Une avocate du DHS, Julie Le, a déclaré au tribunal que son travail « craint » et qu'elle souhaitait parfois que le juge la place en outrage afin de pouvoir obtenir « 24 heures complètes de sommeil ». Elle a admis n'avoir reçu aucune formation ni orientation adéquate.
Le juge Blackwell a déclaré :
« Le DOJ, le DHS et l'ICE ne sont pas au-dessus de la loi. Lorsque les ordonnances judiciaires ne sont pas respectées, ce n'est pas seulement l'autorité du tribunal qui est en jeu.
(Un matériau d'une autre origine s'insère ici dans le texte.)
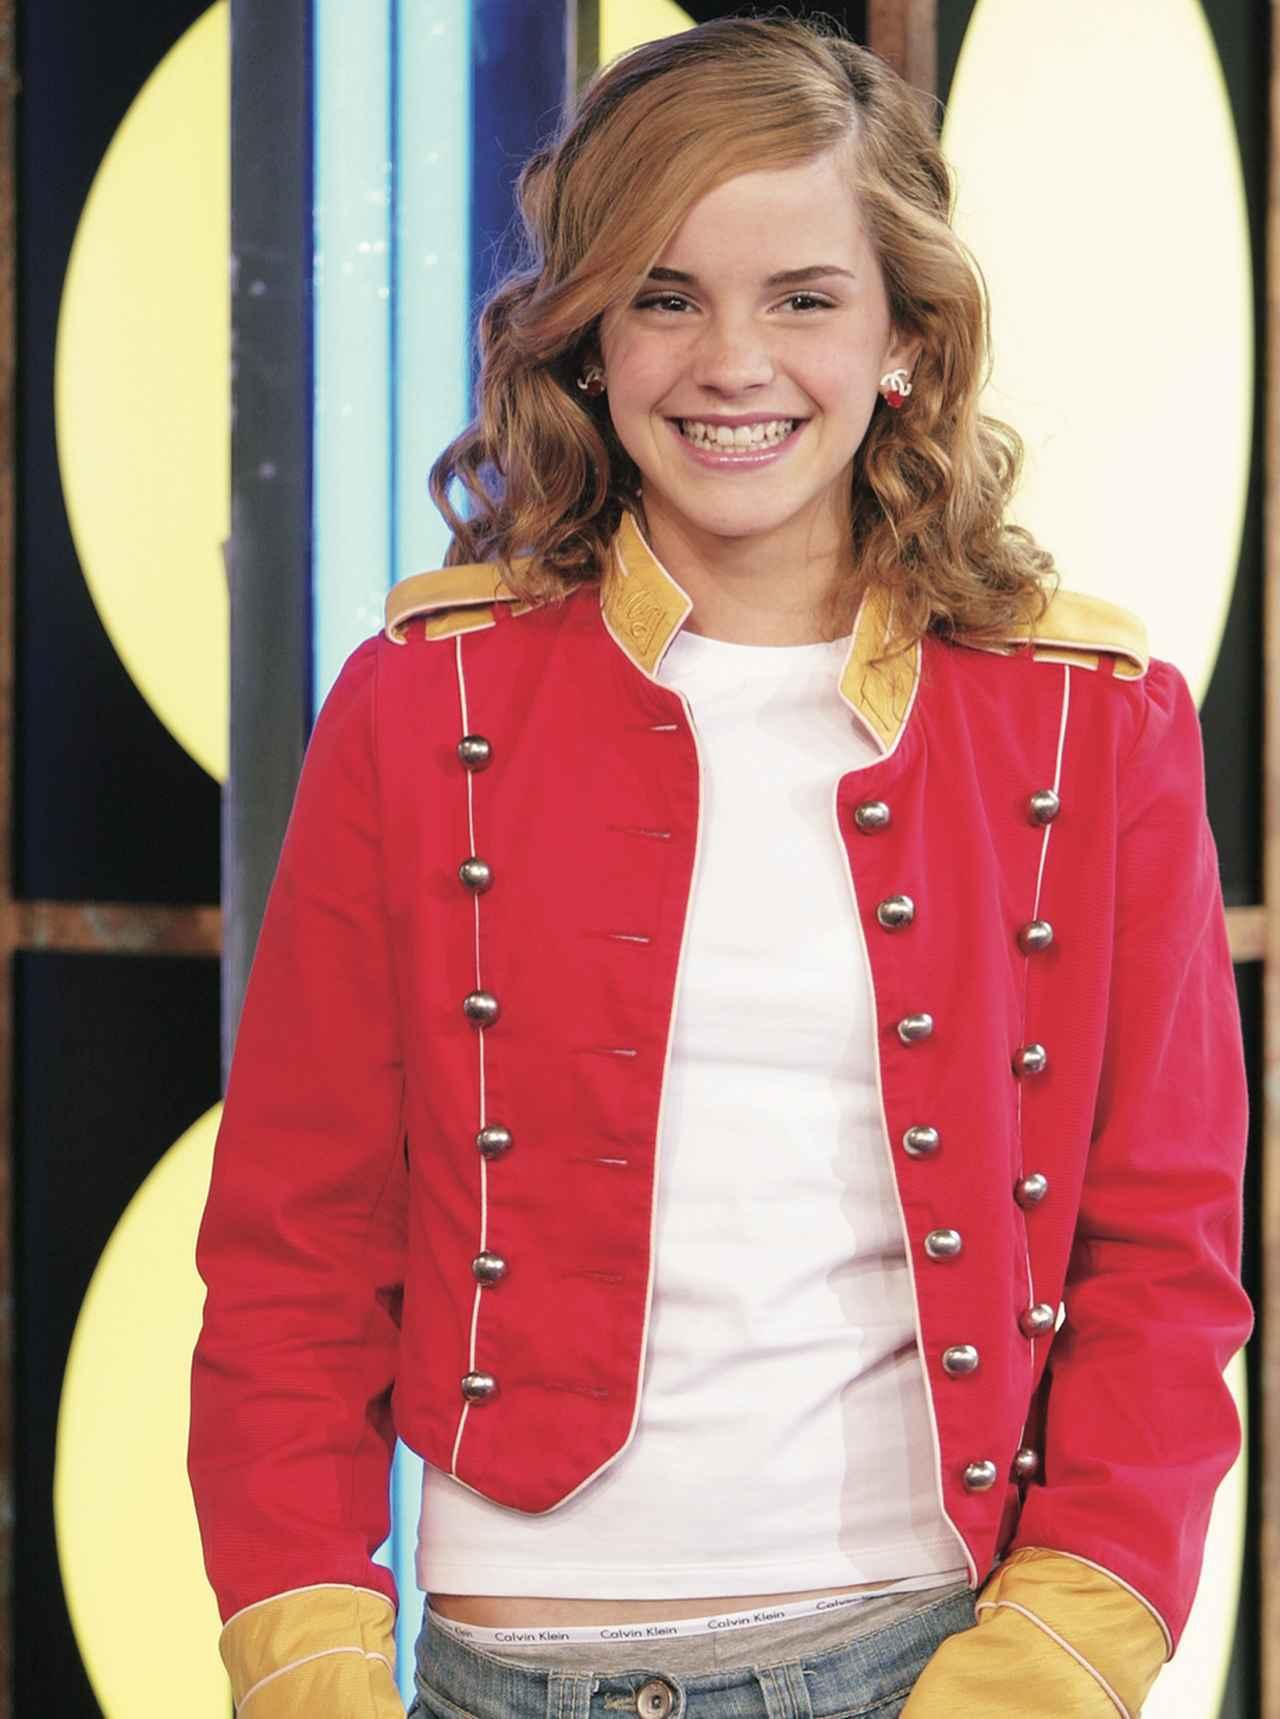 画像: お年頃の少女はあっという間に成長します。「ハリー・ポッター」は大ヒット・シリーズとなりエマの人気もぐんぐんアップ、MTVショーにも呼ばれるアイドルに。本人も何となく大人っぽく。 ©Getty Images

Ce sont les droits des personnes en détention et l'intégrité du système constitutionnel lui-même. »
Le schéma récurrent¶
Baltimore n'est pas une anomalie. C'est le schéma récurrent :
- Camp East Montana — 4 décès en 9 mois dans un seul établissement
- Expansion de l'infrastructure ICE — Plus de 150 nouveaux baux, 8 centres de détention régionaux prévus, budget de 80 milliards de dollars
- Suivi de la responsabilité des agents — 0 agent identifié volontairement après des fusillades
- Todd Lyons — Arrêt des paiements médicaux, effondrement des inspections, 96 violations d'ordonnances judiciaires
- Stephen Miller — L'architecte. Écrits de lycée célébrant la torture comme « une célébration de la vie et de la dignité humaine »
Les conditions décrites à Baltimore — la surpopulation comme outil coercitif, le refus d'hygiène, la déshumanisation par le personnel, la négligence médicale — ne sont pas des défaillances. Ce sont des caractéristiques du système. Le système est conçu pour briser les gens jusqu'à ce qu'ils abandonnent leurs droits juridiques.
Les propres mots du lanceur d'alerte¶
L'ancien employé a clairement indiqué qu'il n'est pas un militant pour l'immigration :
« Je suis pour l'expulsion des immigrants illégaux dans ce pays, en particulier ceux qui commettent des crimes. Je n'ai aucun problème à faire mon travail. J'ai juste un problème avec les abus et le traitement des détenus. »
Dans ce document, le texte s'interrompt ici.